◆ **ABOUT THIS EXERCISE**:
Give back exactly the line containing "Asahan Water Theme Park" together with all the lines after it, ending at the final line below.

Data extracted from a collection:

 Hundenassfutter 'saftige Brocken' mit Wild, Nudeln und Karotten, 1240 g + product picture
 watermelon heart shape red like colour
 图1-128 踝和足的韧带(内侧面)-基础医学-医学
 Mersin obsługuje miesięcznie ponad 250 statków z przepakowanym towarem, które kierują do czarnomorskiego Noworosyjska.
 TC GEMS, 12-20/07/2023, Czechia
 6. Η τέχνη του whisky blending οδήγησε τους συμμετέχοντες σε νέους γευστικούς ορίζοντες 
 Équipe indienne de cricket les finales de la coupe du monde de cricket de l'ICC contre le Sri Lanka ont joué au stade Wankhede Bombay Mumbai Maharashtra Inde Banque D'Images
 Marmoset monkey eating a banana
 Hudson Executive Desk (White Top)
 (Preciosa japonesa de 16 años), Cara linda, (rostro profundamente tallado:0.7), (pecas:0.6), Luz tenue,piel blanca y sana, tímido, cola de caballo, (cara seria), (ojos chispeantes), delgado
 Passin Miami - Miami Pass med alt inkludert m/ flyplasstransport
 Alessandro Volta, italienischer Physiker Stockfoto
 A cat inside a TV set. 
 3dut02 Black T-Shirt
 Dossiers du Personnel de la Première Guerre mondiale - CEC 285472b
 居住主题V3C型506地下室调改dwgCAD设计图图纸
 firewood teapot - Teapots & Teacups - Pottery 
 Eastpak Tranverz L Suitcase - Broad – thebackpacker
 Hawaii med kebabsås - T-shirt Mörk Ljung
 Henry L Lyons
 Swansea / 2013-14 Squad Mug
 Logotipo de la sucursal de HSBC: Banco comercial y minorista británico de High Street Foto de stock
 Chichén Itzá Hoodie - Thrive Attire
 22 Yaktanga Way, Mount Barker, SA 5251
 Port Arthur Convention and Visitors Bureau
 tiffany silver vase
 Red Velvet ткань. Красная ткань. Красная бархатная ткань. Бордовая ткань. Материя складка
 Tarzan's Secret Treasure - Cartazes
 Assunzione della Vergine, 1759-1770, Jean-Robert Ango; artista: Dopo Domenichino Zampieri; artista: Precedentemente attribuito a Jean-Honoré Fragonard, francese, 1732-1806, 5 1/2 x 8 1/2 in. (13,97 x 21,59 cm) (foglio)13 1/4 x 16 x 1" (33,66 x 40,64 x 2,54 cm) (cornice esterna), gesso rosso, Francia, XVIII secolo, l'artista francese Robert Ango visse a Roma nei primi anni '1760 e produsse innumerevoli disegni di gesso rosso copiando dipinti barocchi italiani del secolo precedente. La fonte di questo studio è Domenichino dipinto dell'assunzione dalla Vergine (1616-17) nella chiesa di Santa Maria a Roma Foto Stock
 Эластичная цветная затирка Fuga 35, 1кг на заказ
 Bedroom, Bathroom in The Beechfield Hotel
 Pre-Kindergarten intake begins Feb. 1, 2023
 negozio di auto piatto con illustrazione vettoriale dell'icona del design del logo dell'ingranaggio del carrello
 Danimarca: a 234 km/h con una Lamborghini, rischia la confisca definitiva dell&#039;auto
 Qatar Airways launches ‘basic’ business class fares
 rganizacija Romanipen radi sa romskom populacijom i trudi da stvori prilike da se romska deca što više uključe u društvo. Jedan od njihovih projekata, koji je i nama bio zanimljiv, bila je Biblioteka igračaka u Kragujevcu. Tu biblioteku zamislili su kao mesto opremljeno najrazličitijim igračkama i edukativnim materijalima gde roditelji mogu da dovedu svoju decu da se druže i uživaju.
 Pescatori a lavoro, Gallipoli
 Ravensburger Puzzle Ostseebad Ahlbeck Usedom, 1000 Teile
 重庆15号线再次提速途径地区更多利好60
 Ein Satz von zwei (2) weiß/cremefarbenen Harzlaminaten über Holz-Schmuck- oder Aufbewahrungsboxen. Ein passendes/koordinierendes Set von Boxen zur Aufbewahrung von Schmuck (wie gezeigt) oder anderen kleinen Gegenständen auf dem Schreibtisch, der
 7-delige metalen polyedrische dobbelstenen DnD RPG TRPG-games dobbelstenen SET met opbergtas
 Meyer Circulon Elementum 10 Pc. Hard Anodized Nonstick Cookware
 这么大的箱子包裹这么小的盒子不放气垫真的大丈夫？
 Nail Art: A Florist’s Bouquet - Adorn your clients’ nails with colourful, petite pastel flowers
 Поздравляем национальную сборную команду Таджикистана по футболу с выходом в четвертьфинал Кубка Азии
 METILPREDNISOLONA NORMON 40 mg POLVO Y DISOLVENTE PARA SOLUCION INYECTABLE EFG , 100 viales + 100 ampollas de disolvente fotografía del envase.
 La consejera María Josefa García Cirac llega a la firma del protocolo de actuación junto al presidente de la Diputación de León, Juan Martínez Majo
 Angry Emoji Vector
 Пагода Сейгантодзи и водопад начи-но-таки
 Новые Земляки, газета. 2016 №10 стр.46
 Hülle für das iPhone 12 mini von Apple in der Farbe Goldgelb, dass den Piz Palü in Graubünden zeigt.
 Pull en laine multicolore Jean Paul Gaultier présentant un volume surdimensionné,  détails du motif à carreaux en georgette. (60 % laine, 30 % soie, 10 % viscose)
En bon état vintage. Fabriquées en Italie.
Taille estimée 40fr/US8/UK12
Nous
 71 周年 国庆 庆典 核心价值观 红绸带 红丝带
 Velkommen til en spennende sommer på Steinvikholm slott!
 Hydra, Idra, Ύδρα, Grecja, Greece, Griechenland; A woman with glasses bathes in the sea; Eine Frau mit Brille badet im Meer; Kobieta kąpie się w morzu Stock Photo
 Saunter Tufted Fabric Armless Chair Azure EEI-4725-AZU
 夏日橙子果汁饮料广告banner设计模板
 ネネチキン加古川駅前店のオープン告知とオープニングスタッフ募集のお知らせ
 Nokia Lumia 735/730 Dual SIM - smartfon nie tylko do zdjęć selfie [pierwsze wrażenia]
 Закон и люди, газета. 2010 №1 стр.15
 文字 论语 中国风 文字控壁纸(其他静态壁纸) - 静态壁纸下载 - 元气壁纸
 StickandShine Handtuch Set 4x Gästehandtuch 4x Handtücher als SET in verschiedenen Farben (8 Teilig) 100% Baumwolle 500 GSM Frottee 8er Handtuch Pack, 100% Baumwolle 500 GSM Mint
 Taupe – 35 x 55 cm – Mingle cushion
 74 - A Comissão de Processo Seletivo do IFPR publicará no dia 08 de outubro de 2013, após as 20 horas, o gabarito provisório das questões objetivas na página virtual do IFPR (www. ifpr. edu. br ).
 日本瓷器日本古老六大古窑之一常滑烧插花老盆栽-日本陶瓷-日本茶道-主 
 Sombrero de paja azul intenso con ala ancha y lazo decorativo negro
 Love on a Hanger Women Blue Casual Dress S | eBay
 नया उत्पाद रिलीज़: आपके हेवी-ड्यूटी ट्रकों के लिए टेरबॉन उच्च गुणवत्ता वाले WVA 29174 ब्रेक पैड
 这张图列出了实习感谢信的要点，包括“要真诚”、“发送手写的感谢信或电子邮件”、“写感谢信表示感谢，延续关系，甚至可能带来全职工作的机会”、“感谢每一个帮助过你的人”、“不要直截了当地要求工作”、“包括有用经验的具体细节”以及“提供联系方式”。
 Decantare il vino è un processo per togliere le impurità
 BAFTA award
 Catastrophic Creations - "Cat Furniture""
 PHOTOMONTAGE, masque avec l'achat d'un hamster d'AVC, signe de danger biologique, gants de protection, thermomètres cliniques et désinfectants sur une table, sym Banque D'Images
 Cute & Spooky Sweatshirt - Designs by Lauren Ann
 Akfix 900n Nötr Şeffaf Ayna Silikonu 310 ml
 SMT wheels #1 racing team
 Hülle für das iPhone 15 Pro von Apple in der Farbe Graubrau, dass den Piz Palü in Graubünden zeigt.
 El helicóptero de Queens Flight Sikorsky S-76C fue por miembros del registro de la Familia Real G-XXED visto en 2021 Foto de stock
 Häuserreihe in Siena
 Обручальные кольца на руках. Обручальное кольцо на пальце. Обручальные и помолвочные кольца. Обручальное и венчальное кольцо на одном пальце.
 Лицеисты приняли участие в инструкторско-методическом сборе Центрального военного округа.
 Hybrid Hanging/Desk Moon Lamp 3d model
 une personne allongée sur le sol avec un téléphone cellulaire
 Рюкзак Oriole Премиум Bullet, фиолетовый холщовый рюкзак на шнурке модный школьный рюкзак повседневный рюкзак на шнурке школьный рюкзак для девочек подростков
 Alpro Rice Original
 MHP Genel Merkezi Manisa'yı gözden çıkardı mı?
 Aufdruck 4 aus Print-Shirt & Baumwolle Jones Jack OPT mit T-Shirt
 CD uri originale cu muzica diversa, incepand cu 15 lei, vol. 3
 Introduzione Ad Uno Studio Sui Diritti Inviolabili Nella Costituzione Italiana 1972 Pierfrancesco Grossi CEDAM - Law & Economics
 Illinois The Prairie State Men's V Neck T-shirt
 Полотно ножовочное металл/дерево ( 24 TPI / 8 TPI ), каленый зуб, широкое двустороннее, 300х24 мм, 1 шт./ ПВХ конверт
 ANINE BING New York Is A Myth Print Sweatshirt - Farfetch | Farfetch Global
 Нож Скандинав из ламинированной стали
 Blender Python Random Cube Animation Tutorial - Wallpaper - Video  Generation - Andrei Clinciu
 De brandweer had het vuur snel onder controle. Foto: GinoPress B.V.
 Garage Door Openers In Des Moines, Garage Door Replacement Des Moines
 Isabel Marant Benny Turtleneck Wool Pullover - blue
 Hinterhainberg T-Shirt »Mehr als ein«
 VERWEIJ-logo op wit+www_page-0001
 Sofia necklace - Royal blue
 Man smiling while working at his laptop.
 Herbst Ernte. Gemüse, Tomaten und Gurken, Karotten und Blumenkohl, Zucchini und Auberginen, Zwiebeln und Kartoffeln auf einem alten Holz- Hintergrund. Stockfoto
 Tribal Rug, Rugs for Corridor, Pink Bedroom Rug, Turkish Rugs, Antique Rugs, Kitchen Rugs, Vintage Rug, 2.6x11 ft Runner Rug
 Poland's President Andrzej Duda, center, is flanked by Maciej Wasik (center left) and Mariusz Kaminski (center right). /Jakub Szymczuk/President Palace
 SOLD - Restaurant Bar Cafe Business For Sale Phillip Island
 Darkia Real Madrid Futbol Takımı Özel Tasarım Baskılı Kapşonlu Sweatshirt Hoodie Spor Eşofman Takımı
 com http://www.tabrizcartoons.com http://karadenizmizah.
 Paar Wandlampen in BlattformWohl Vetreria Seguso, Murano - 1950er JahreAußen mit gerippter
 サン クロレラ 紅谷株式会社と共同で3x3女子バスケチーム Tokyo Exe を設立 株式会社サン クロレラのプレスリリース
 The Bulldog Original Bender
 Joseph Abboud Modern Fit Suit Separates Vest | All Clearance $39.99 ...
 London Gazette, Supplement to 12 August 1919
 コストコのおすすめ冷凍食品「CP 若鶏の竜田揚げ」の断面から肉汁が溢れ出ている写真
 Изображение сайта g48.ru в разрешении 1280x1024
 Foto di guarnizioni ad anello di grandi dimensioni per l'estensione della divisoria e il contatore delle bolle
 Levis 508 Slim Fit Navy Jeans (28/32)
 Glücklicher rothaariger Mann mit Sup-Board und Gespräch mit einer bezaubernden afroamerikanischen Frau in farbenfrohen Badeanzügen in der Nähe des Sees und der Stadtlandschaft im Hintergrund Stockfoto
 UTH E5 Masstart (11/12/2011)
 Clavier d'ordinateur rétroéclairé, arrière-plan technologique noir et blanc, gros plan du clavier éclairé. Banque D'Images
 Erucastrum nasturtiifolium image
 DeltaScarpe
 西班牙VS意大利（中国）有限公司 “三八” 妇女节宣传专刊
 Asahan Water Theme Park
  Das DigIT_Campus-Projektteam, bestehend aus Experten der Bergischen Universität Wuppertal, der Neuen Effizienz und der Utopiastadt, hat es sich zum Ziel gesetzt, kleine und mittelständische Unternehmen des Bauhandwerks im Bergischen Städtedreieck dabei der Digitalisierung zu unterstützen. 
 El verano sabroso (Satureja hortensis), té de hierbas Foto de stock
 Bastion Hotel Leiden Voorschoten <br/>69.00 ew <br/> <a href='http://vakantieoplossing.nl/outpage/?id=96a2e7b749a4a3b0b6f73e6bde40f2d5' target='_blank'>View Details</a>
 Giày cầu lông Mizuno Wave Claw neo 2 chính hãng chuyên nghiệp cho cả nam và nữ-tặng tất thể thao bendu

◆ **OUTPUT OF THE TASK**:
 Asahan Water Theme Park
  Das DigIT_Campus-Projektteam, bestehend aus Experten der Bergischen Universität Wuppertal, der Neuen Effizienz und der Utopiastadt, hat es sich zum Ziel gesetzt, kleine und mittelständische Unternehmen des Bauhandwerks im Bergischen Städtedreieck dabei der Digitalisierung zu unterstützen. 
 El verano sabroso (Satureja hortensis), té de hierbas Foto de stock
 Bastion Hotel Leiden Voorschoten <br/>69.00 ew <br/> <a href='http://vakantieoplossing.nl/outpage/?id=96a2e7b749a4a3b0b6f73e6bde40f2d5' target='_blank'>View Details</a>
 Giày cầu lông Mizuno Wave Claw neo 2 chính hãng chuyên nghiệp cho cả nam và nữ-tặng tất thể thao bendu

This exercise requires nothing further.